Extending brand portfolios reflects consumer trends, as people gravitate toward products at different levels on the luxury scale.
People who buy luxury goods like to “pick and choose, and not just be fond of a single brand and take everything from that particular brand,” added Bonacina, who saw middle-market companies in the sector, along with the high-end, as remaining “of interest” to investors.
Following their recent acquisition sprees, Coach and Michael Kors are widely expected to take at least a year before jumping back into the acquisition arena.
While LVMH and Kering have indicated that they are on the sidelines when it comes to M&A activity for the moment, industry observers note that it is worth keeping an eye on them.
At Kering, the question of activewear brand Puma continues to loom over the company as analysts wonder if it would make more sense for the company to focus on higher-end products. Puma was billed as the pillar of a “sport and lifestyle” pole for the French conglomerate, which has failed to build around it.
“Kering will likely first consider selling Puma and their sports and lifestyle brands before looking for a big acquisition. They own approximately 20 luxury and lifestyle brands and are very nurturing and supportive of their brands. Many of their luxury brands are doing very well.
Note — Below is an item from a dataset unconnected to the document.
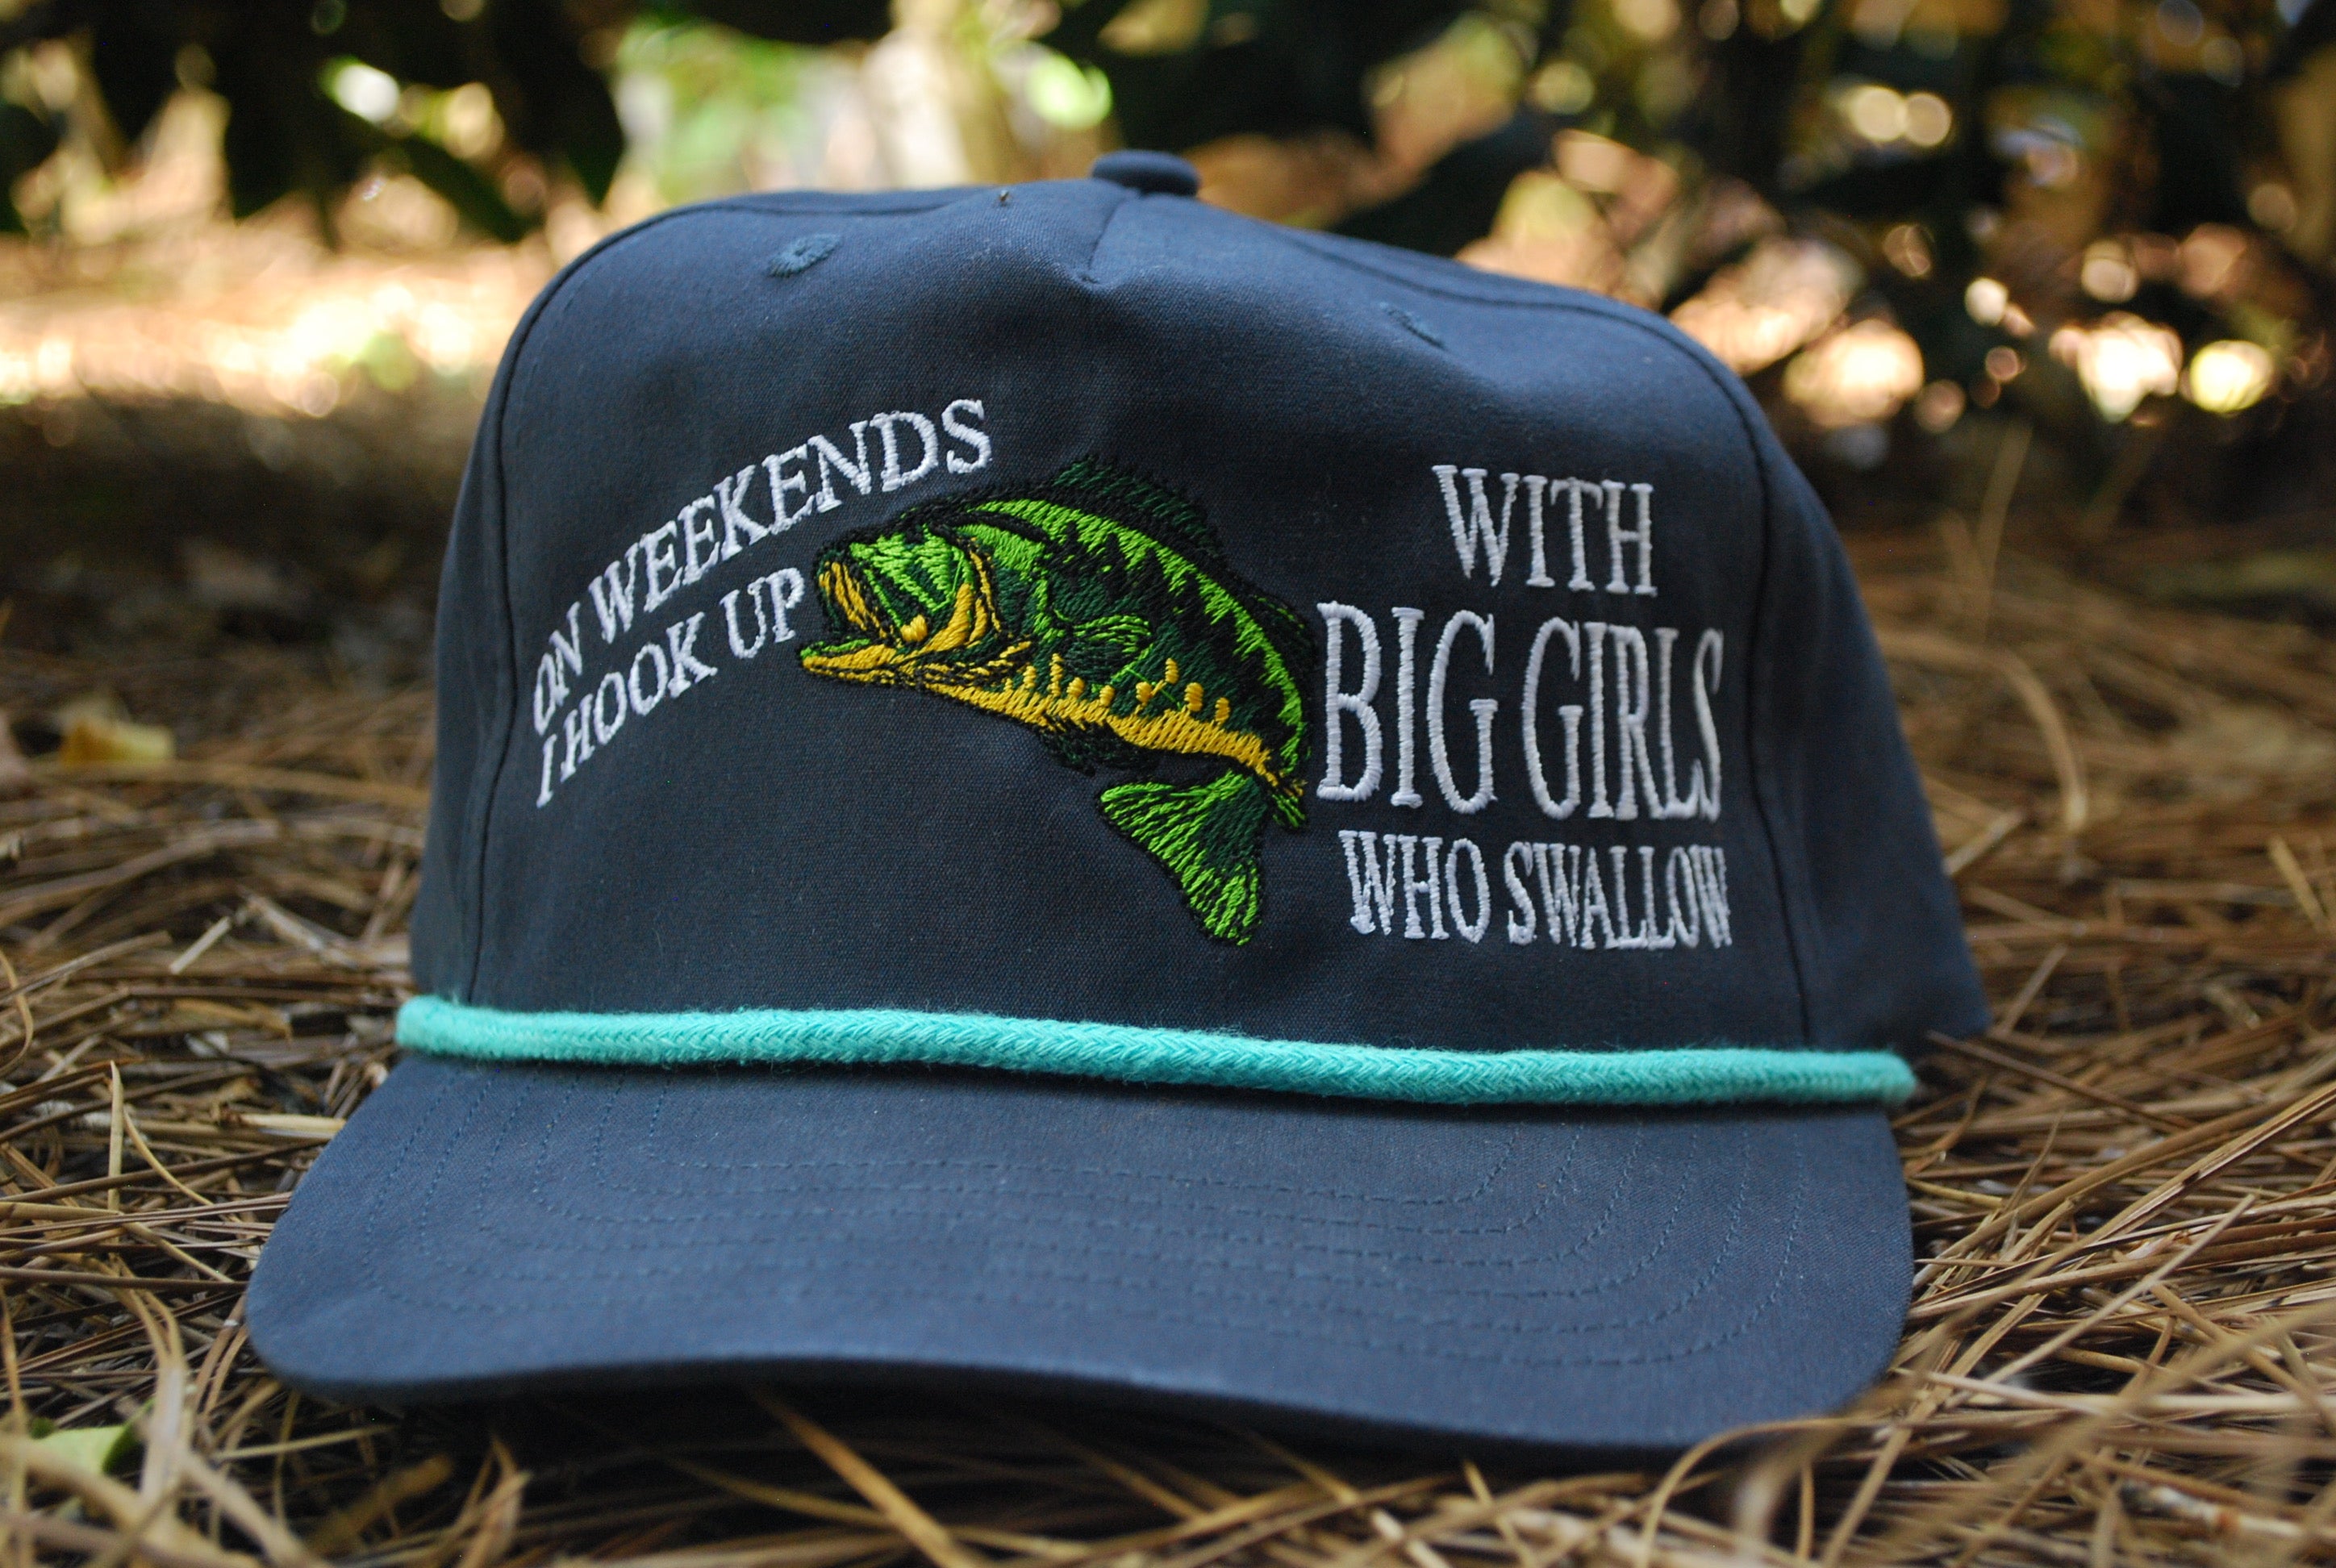 ON WEEKENDS I HOOK UP WITH BIG GIRLS WHO SWALLOW Funny Fishing Navy  SnapBack Teal Rope Golf Hat Cap Custom Embroidered

Maybe next year?” wondered Berry.
Jean-François Palus, group managing director of Kering, last month declined to comment on talk of off-loading Puma, saying the group is not contemplating any acquisitions in the near-term.
Among Chinese investors, while some new and sophisticated buyers are becoming more effective, others that talk about making acquisitions “may not be fully up to speed” when if comes to valuation and Western-style auction processes, noted Berry.
Looking further afield, industry experts note that activity in luxury M&A may extend beyond traditional boundaries.
“I would have thought that there should be deals in the technology space,” said Gallot-Auberger, who wondered why luxury companies have not made moves to bring technology in-house.
“Why be dependent on external providers?” she asked.
And perhaps there is room for non-luxury companies to reach into the luxury sphere. As online retailers become increasingly important to the sector, the need for them to have a physical presence has emerged.
“That is bringing more M&A activity, because online is moving toward the off-line and off-line is moving toward the online,” said Bonacina.
Amazon revealed the boundless ambitions of founder and chief executive officer Jeff Bezos by snatching up Whole Foods this year. Plans to sell products from beauty company Violet Grey through its online platform, brought to light by WWD, suggest the company is interested in dabbling in higher-end business.
“Let’s not forget Amazon. Amazon could very much decide to start buying luxury companies,” said Berry.
“It’s not the end of M&A,” predicted Gallot-Auberger, “but rather a different kind of M&A.”